:: PROBLEM DETAILS ::
Your answer must be exactly the lines from the one containing "Fashion Animal Cat 1" through the end of the material, both ends included, without pictures.

:: DATA ::

*-*-*

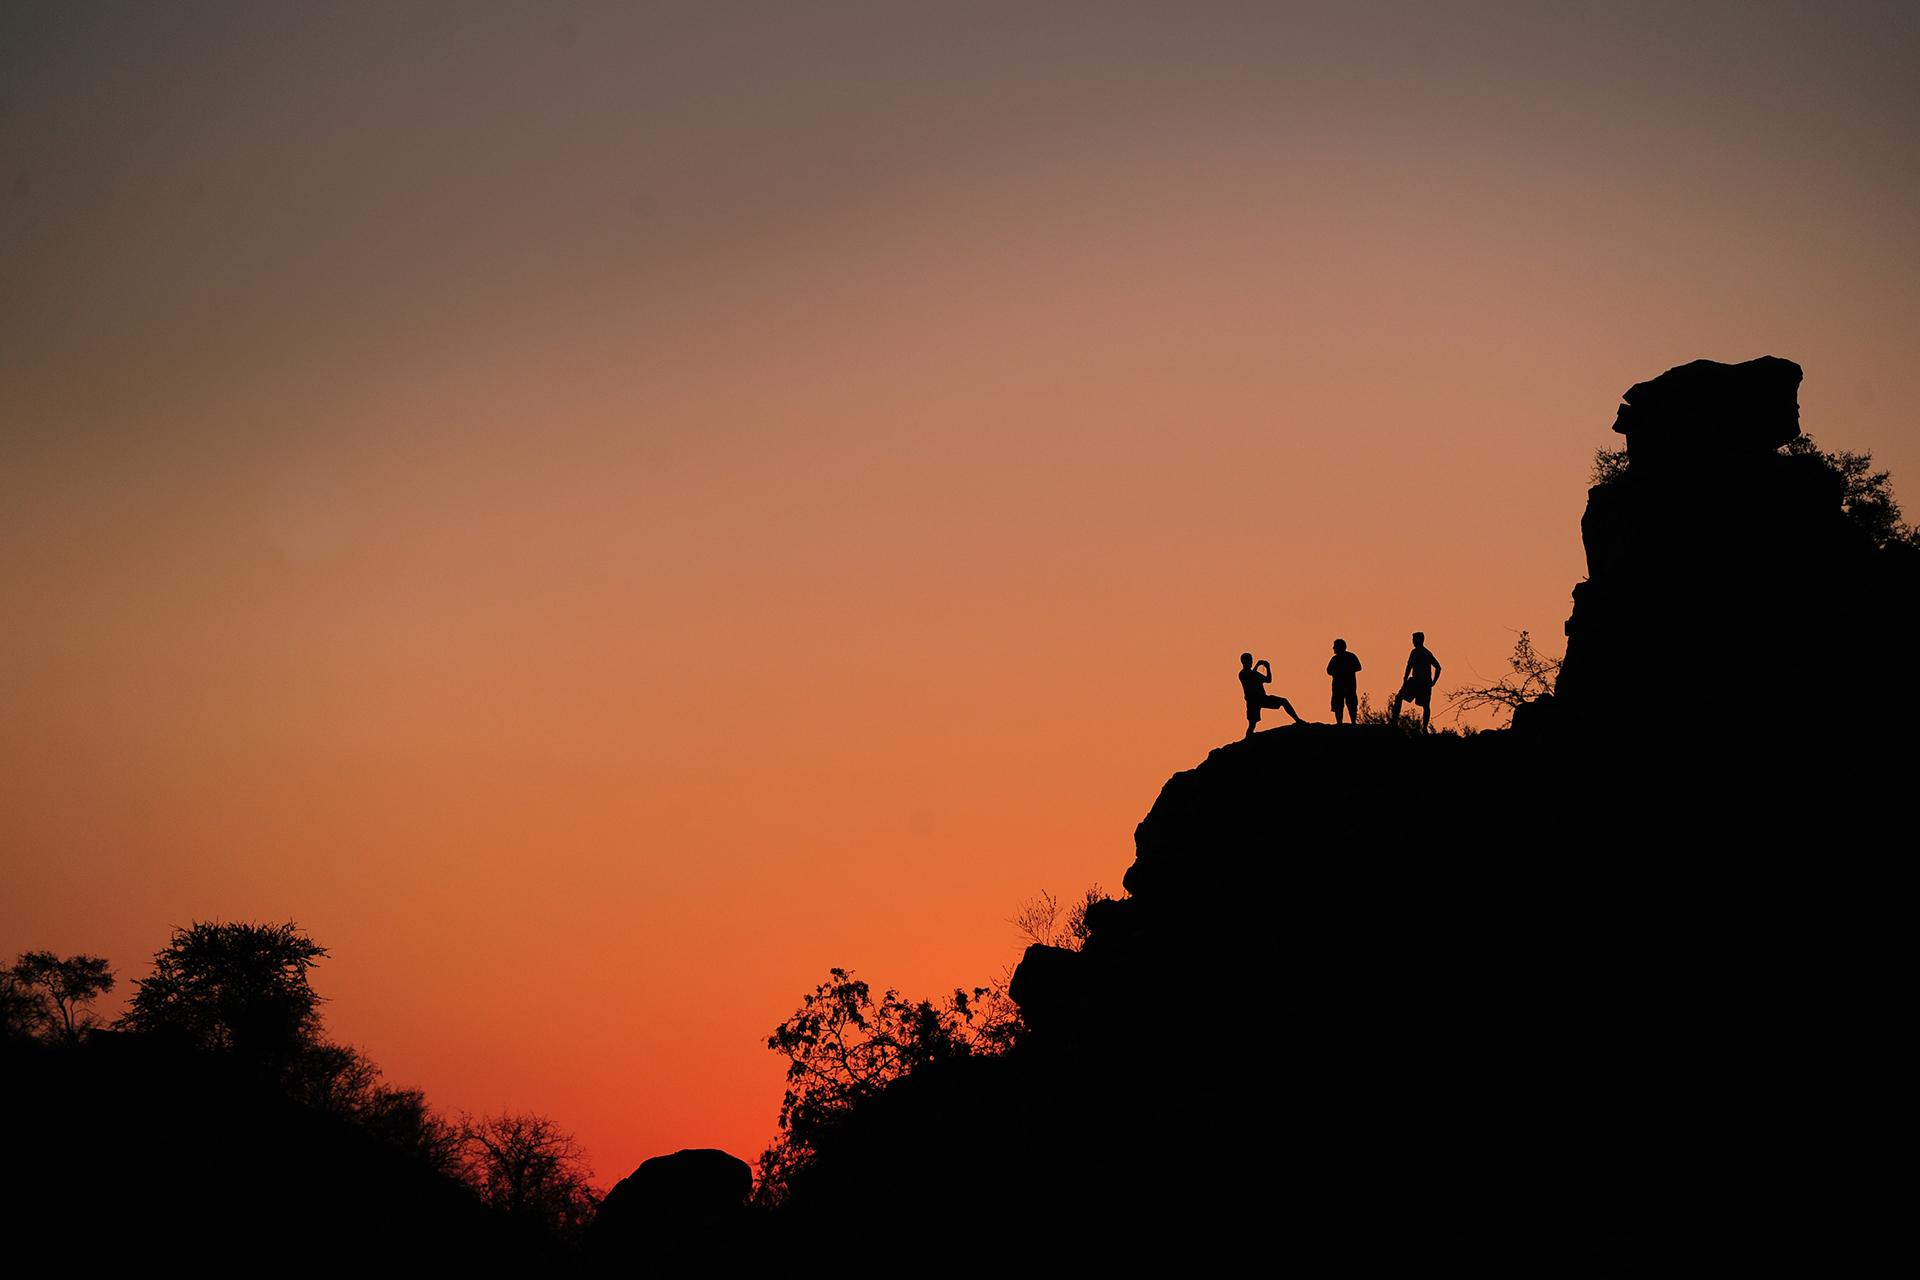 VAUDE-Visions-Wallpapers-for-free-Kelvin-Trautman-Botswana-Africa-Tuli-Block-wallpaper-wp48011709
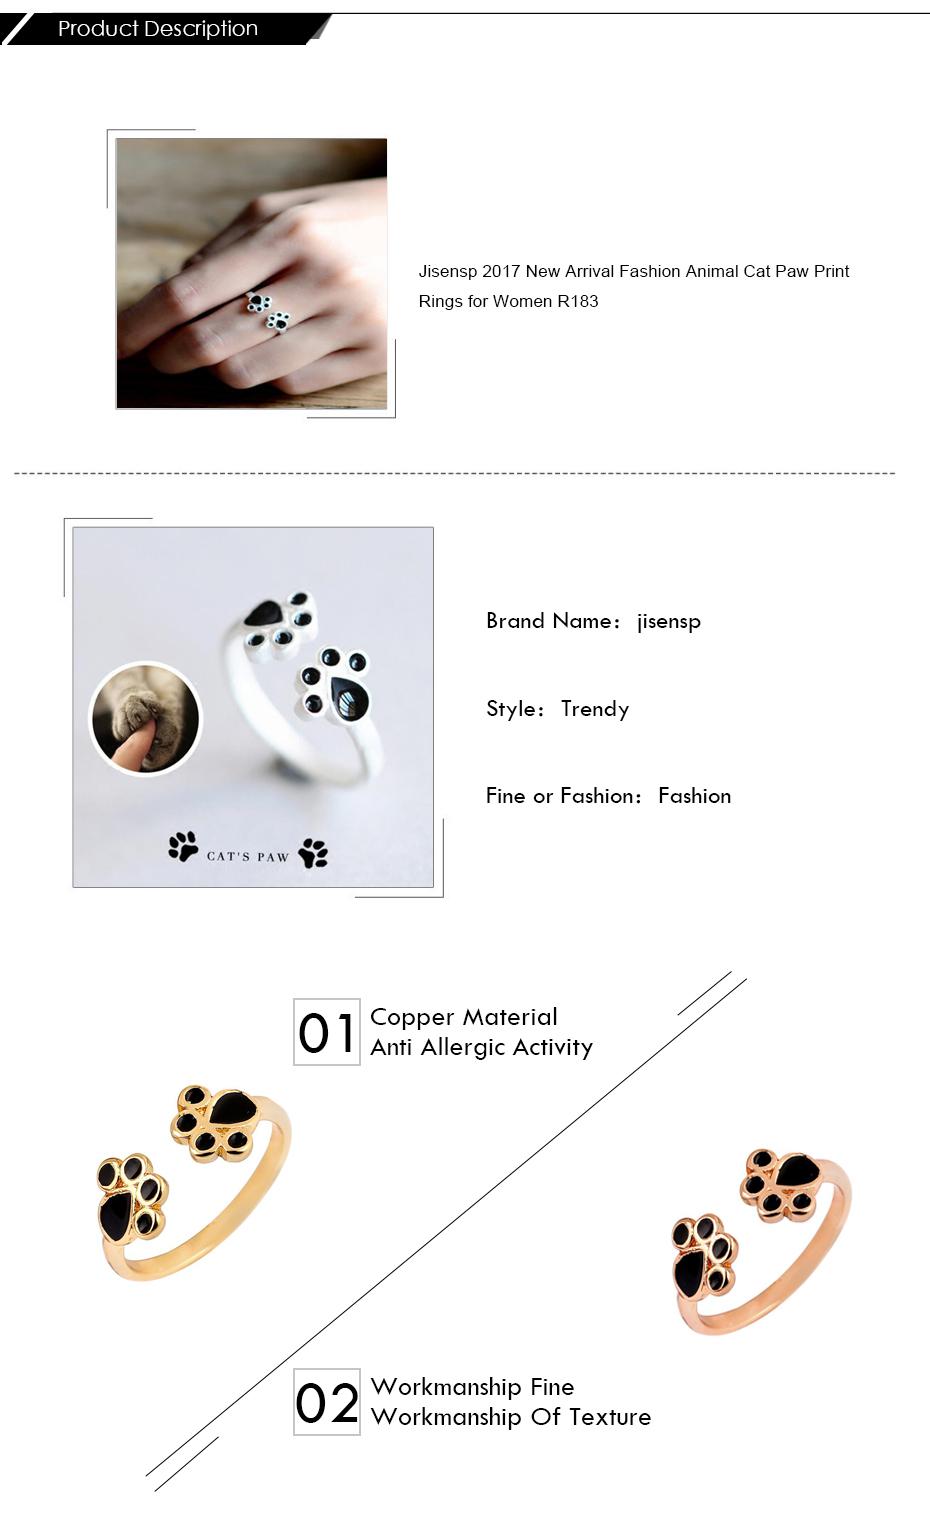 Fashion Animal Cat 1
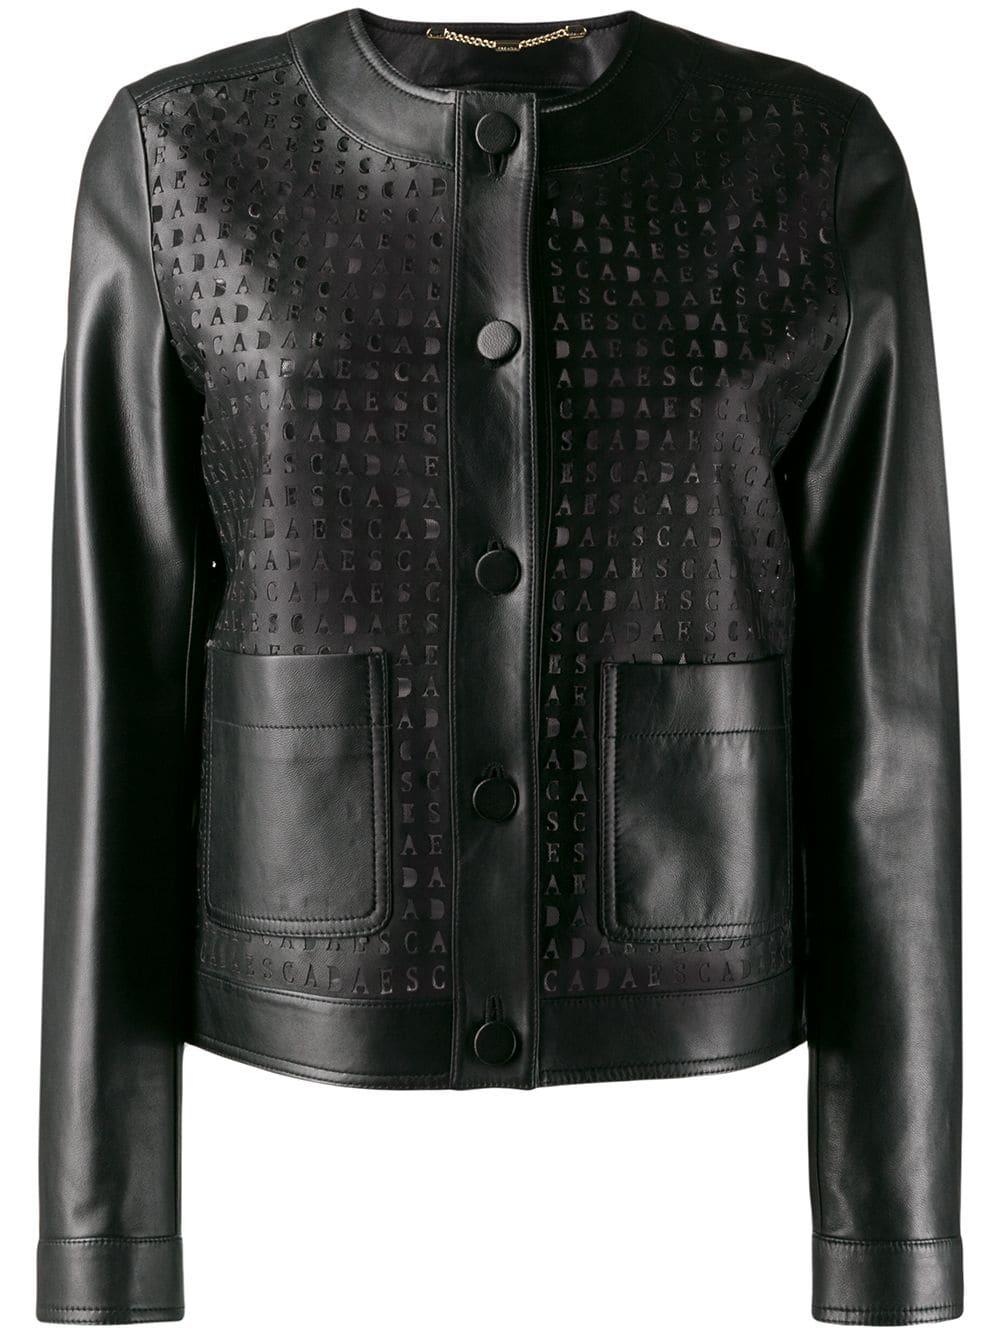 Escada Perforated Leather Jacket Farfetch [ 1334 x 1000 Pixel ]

*-*-*

:: ANSWER TO THIS PROBLEM ::
 Fashion Animal Cat 1
 Escada Perforated Leather Jacket Farfetch [ 1334 x 1000 Pixel ]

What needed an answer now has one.